Flow cytometry analysis using at the poly(3-hydroxybutyrate-co-3-hydrovalerate) microspheres for drug delivery system

Microspheres can be prepared simply by the W1/O/W2 double emulsion-solvent evaporation method. The glycerol density gradient method can be utilized with a homogenizer to produce and separate out homogenized microspheres, with the desired size. Flow cytometer is utilized to measure not only the uniformity of the size of microspheres but also analytical instruments are used to measure their release of drugs. The diameters of microsphere reached the 5 μm–10 μm range when they were prepared with 1% (w/v) P(3HB-co-5%3HV) at a homogenizer speed of 3000 rpm. The microspheres that were separated using the glycerin gradient method and extracted in the 25% concentration zone reveal the size homogeneity determined by flow cytometry analysis. The best microsphere degradation rates were approximately 80% after 72 h of enzyme degradation, as measured using a spectrophotometer, to elucidate the drug-releasing effect of the microspheres. The concentration of trypan blue in the supernatant fluid increased with the duration of the experiment. P(3HB-co-5%3HV)-prepared microspheres with diameters of around 10 μm were engulfed by cells in the cell culture experiments.

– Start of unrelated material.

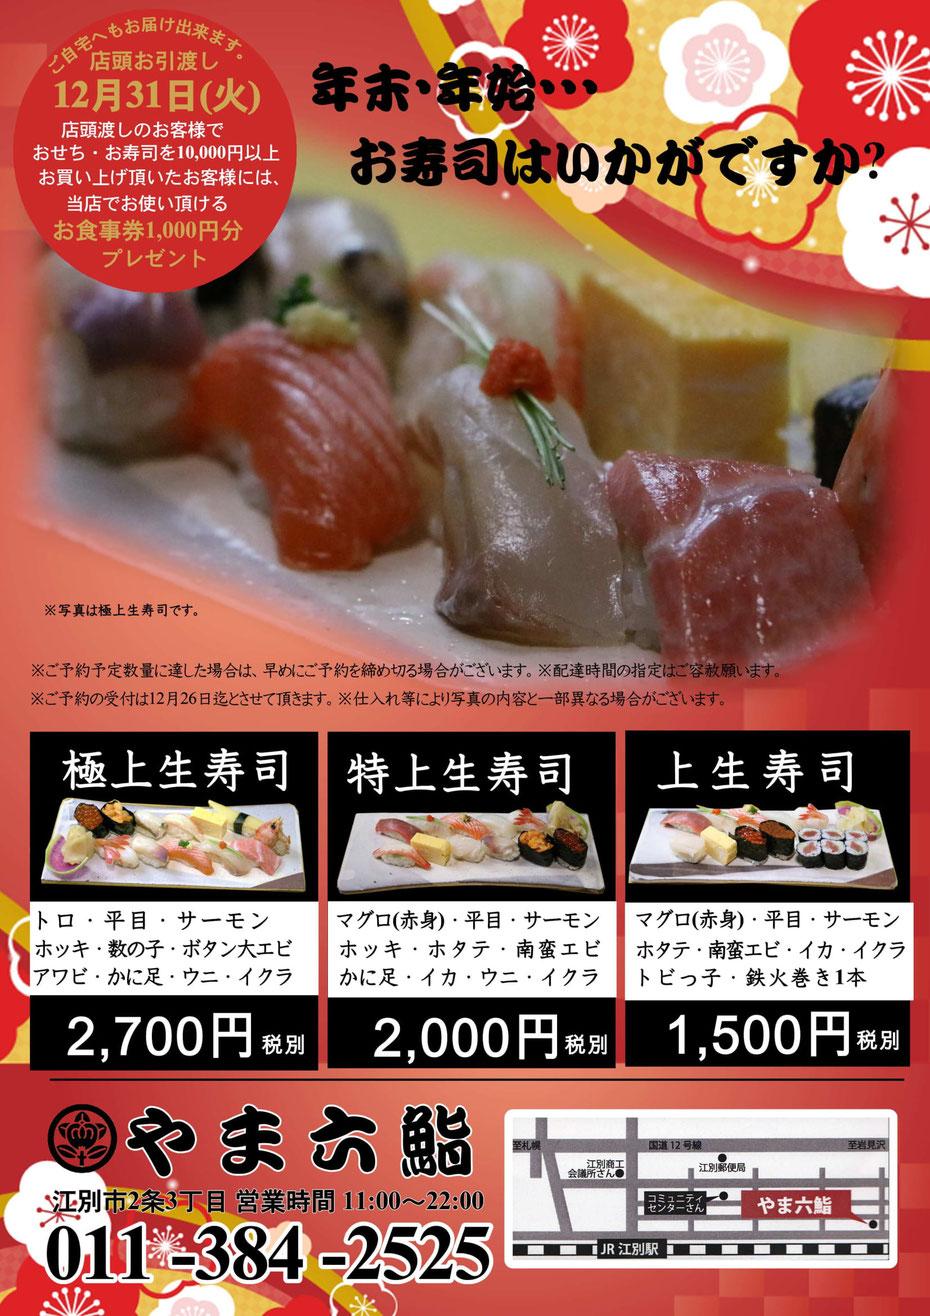 北海道 江別市 やま六鮨 年末お寿司

► Poly(3-hydroxybutyrate-co-5%3-hydroxyvalerate) (P3HB-co-5%3HV) micro-spheres can be prepared by W1/O/W2 emulsion solvent evaporation method.
► The glycerol density gradient method can be utilized with a homogenizer to produce and separate out homogenized microspheres, with the desired size.
► Flow cytometer is utilized to measure not only the uniformity of the size of microspheres but also analytical instruments are used to measure their release of drugs.
► The best microsphere degradation rates were approximately 80% after 72 h of enzyme degradation.